India’s new Europolitik

The Indian Express     22nd December 2020     Save    
QEP Pocket Notes

Context: Rising challenges in the Indo-Pacific necessitates closer cooperation between India and the European Union.

India-Europe (EU) relationship: Converging areas of the relationship

  • Changing the strategic perception about Europe: 3 Recent developments signify this
    • India's support for France's membership of the Indian Ocean Rim Association (IORA). In 2018 Emmanuel Macron unveiled an expansive framework for revitalising the strategic partnership.
    • Interest of Germany and Netherlands in the Indo-Pacific.
    • Security cooperation in the Indo-Pacific is converging with the plans to enhance the relationship with the United Kingdom (UK). (which is defining its new international role due to BREXIT)
  • Provides a look beyond the US-China competition: India has shed it post-colonial mental block against regional security cooperation with the post-imperial Europe.
    • While the US has become an important partner for India, it must be cautious of a future Sino-US relationship marked by intense competition and significant cooperation.
    • To cope with the uncertain political trajectory of the US, India is supplementing its American partnership with other mini-laterals such as India-Australia- Japan forum and the trilateral dialogue with France and Australia.

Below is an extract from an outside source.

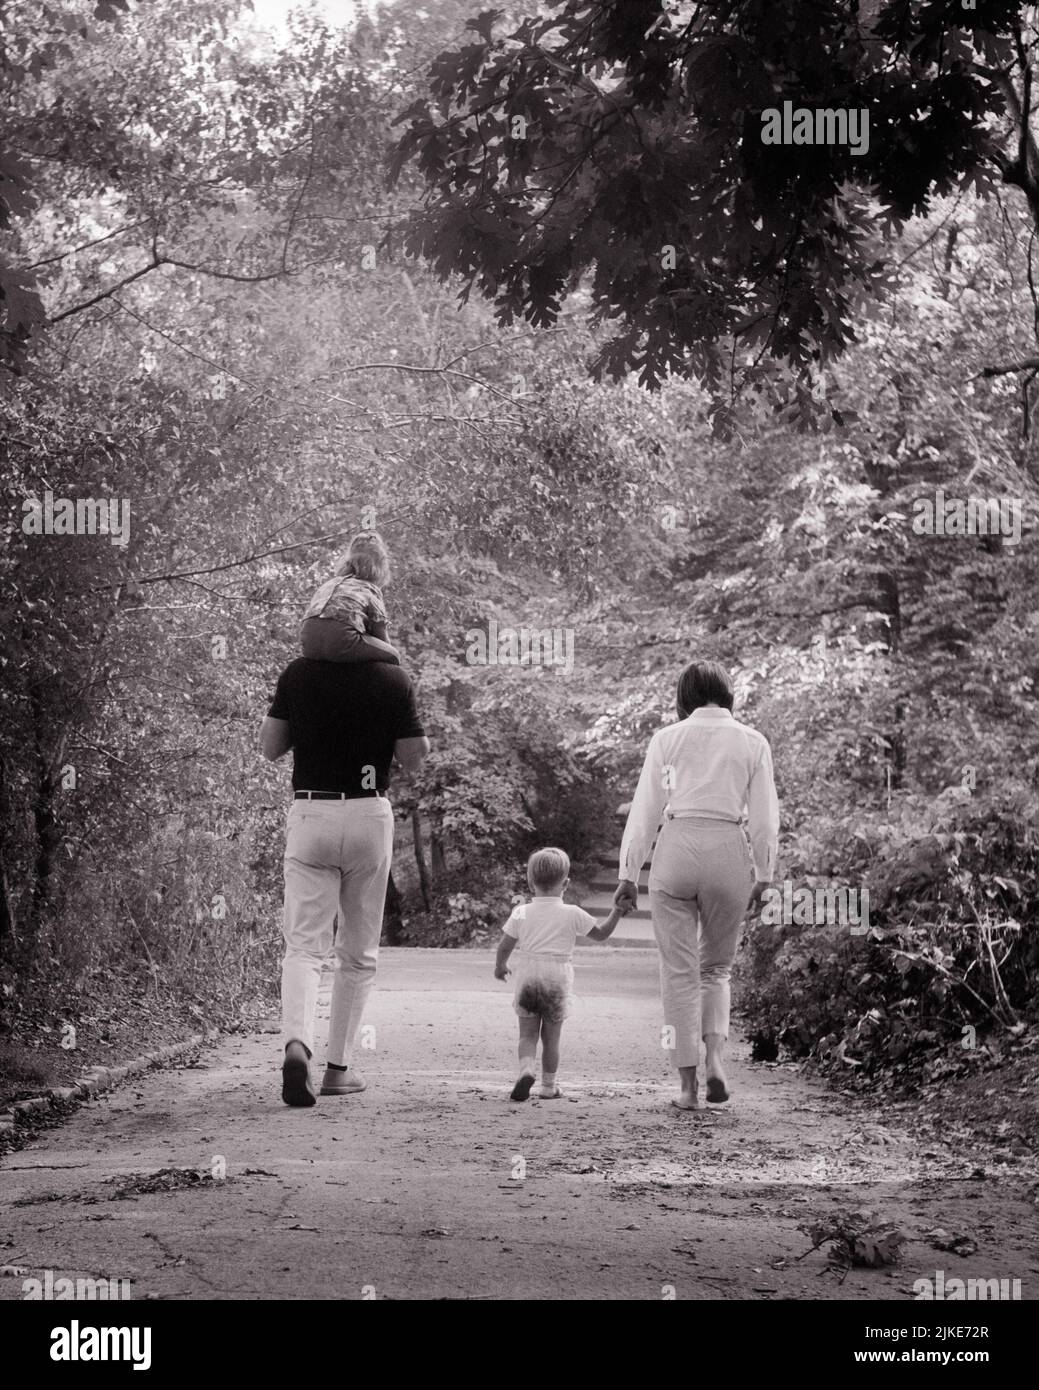 1960s BACK VIEW OF FAMILY WALKING ON WOODLAND PARK PATH FATHER CARRYING DAUGHTER PIGGYBACK AND MOTHER HOLDING TODDLER SON’S HAND - j13212 HAR001 HARS DAD FOUR EXERCISING MOM NOSTALGIC ACTIVE PAIR 4 SUBURBAN MOTHERS OLD TIME NOSTALGIA BROTHER OLD FASHION SISTER 1 FITNESS JUVENILE HEALTHY PEACE SONS FAMILIES LIFESTYLE SATISFACTION FEMALES MARRIED BROTHERS RURAL SPOUSE HUSBANDS HEALTHINESS COPY SPACE FRIENDSHIP FULL-LENGTH LADIES DAUGHTERS PERSONS INSPIRATION MALES SERENITY SIBLINGS SISTERS FATHERS B&W PARTNER ACTIVITY PATH HAPPINESS PHYSICAL LEISURE STRENGTH AND DADS RECREATION REAR VIEW SIBLING Stock Photo
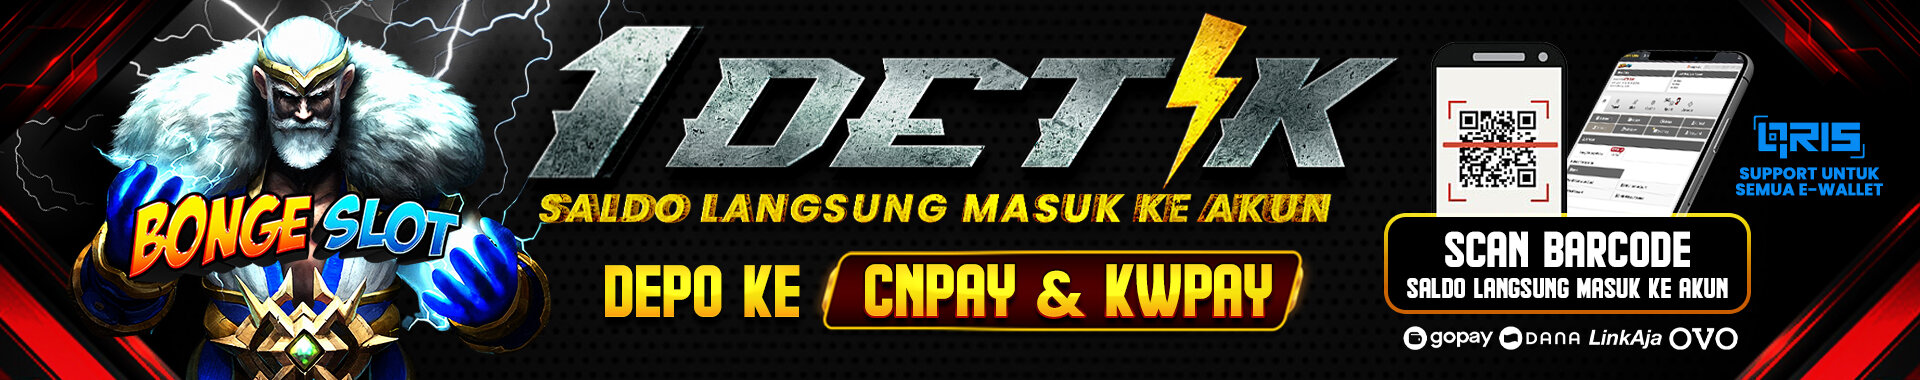 fitur depo cnpay dan kwpay

Challenges to India-EU partnership:

  • Historical reasons: Both the bipolar Cold War dynamic (the East-West dimension) and the North-South framework (developing world vs developed) prevented India-EU partnership. (Quotidian diplomacy)
  • Chinese challenge: Communist China, with its special sensitivity to "inter-imperialist" contradictions, invested massive political and diplomatic effort to cultivate European political classes and elites.
    • France, with its territories in the Western Indian Ocean and the South Pacific, was quick to identify the challenge.

Way Forward: Areas of cooperation between India-EU

  • Resolving the disputes: India can help in resolving their lingering disputes leftover from the era of decolonisation in parts of the Western Indian Ocean. (with France and Britain)
  • Europe's presence can be beneficial: Working with the Asian democracies, the EU can -
    • Mobilise massive economic resources for sustainable development of regional infrastructure,
    • Wield political influence and leverage its significant soft power to shape the Indo-Pacific discourse.
    • Significantly boost India's own comprehensive national power.

Conclusion: A strong coalition of Asian and European middle powers must now be an indispensable element of the geopolitics of the East.